Node Monitoring¶
Two monitors cover node-level health: node_conditions (event-driven) and node_disk (periodic).
node_conditions¶
Fires critical when a Node condition you care about flips. Default watch list: DiskPressure, MemoryPressure, PIDPressure, NotReady.
monitors:
node_conditions:
enabled: true
alert_on:
- DiskPressure
- MemoryPressure
- PIDPressure
- NotReady
Note: NotReady is matched by checking that the standard Ready condition is not True. All other names in alert_on map to a condition that is True.

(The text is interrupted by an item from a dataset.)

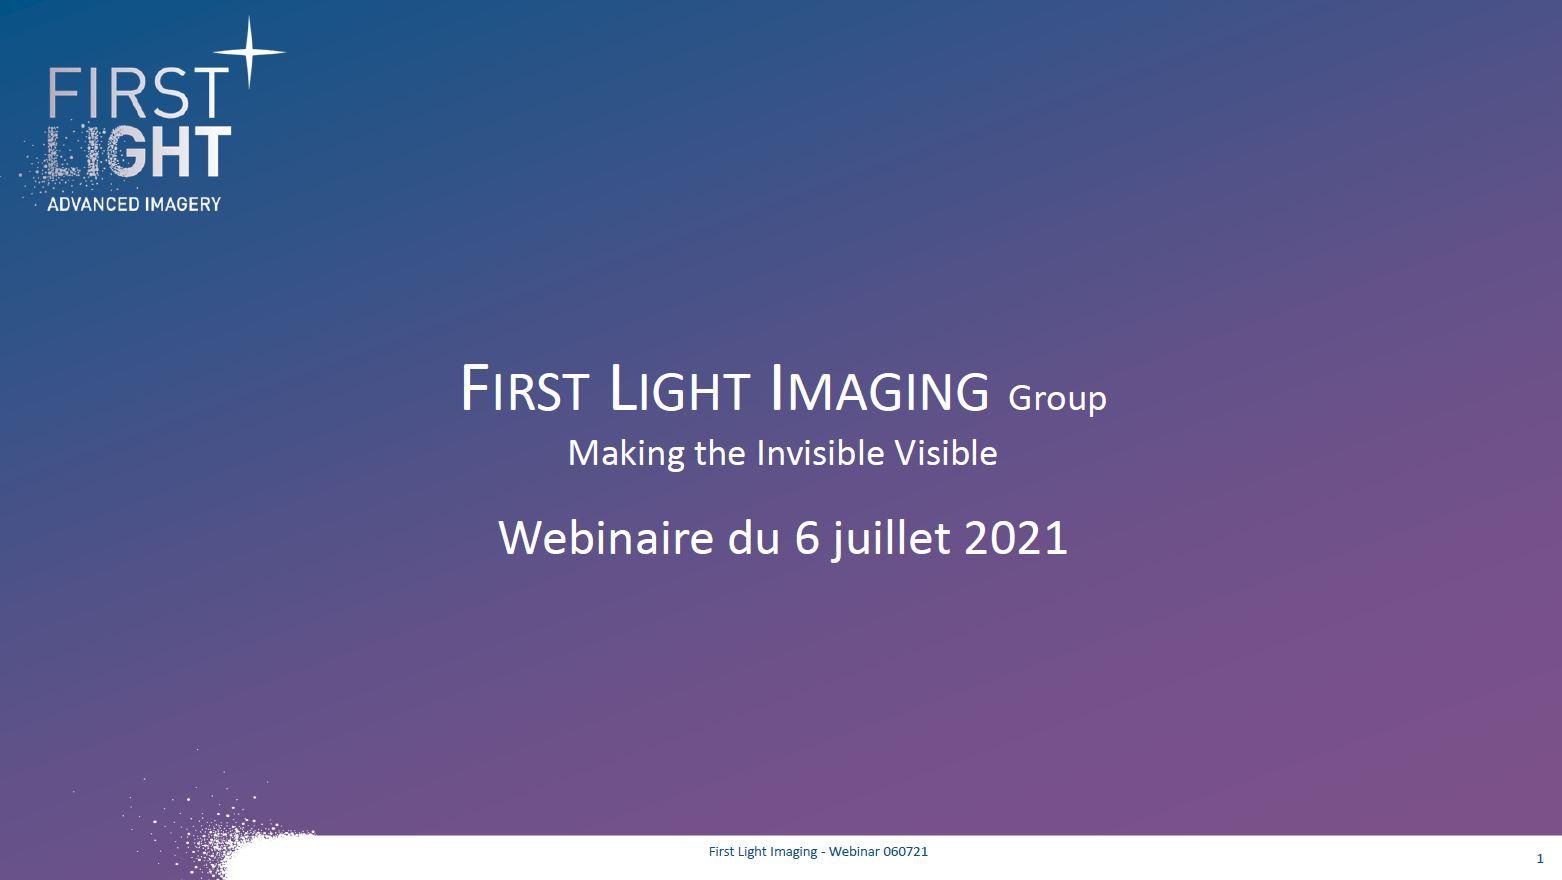 WEBINAR FIRST LIGHT IMAGING - ZOOM RESEAU OPTITEC

Triggers from the kubelet are immediate; alerts fire as soon as the condition flips.
node_disk¶
Periodic scan via the same kubelet stats/summary endpoint used by pvc_usage. Looks at:
node.fs— the node's root filesystemnode.runtime.imageFs— the container runtime's image filesystem (often a separate volume on EKS / GKE)
Alert title format: Node ip-10-0-1-23 rootfs at 88.4%.
Why both¶
DiskPressure (from node_conditions) tells you the kubelet has decided a node is in trouble. node_disk warns you before that point so you can act early (clear unused images, expand the volume).
Requirements¶
Same as pvc_usage: get on nodes/proxy. Granted by the bundled ClusterRole.